The Miami Herald, April, 1997.
By the time he was captured and killed in Bolivia, Ernesto “Che” Guevara was shadowed by failures. His last was leading a small leftist guerrilla group in the Bolivian mountains on a campaign to spark a continental war of liberation. Taken wounded after a battle with the Bolivian army on Oct. 8, 1967, Guevara was executed the next day on the dirt floor of a schoolhouse in La Higuera, a hamlet in southern Bolivia.
It was an inglorious end to an adventure that had become an unmitigated disaster.
His legacy has not fared much better: The Cuban revolution, of which he was one of the most prominent ideologues and leaders, has stagnated. Many leftist guerrilla movements did emerge in Latin America after his death, but they achieved few victories, and the region has turned to democratic elections and the free market, not revolutions.

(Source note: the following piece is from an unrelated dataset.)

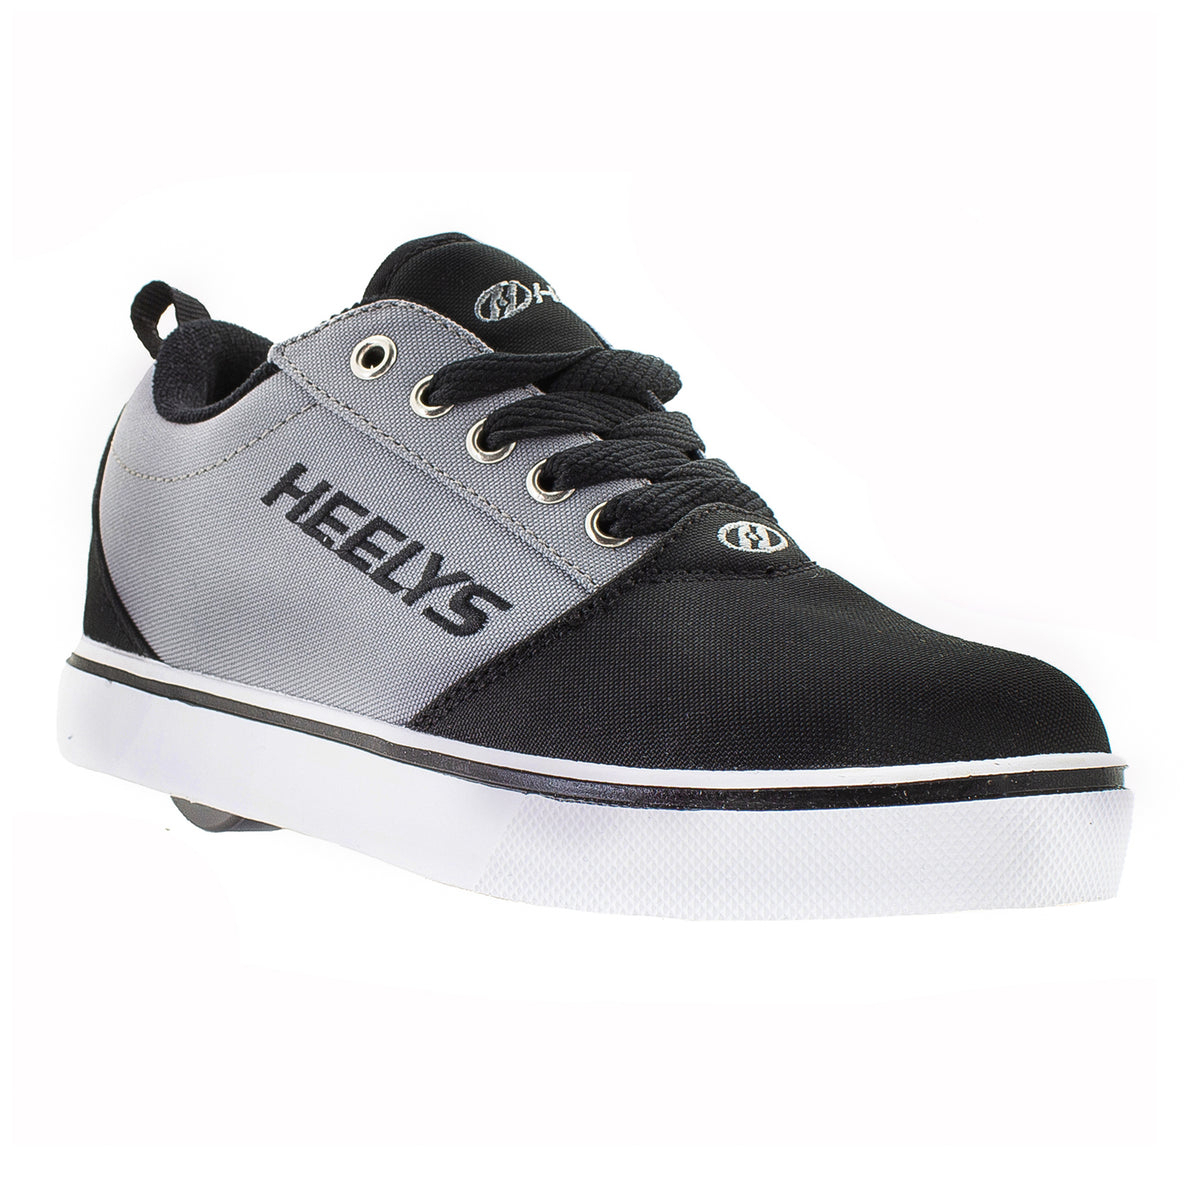 HEELYS Unisex Kids' Pro 20 Wheeled Shoe Black/Grey - HE100761H BLACK/ GREY - BLACK/ GREY, 4 M US Big Kid

Yet the Guevara mystique has endured — and now, in the ’90s, is flourishing.
For decades a potent political and cultural icon, Guevara has become the poster boy for revolutionaries and capitalists, evoking idealism and nostalgia, selling principle and a good time, ideology and better skiing.
This year, the 30th anniversary of his death, several new books and movies are out or due out that examine Guevara’s life and legacy. Che Guevara: A Revolutionary Life (Grove Press), by American journalist Jon Lee Anderson, is in bookstores, and La Vida En Rojo (Life in Red) (Planeta), by Mexican political scientist Jorge G. Castaneda, will be published this week in Buenos Aires and later this year in the United States by Alfred A. Knopf. There are more to come.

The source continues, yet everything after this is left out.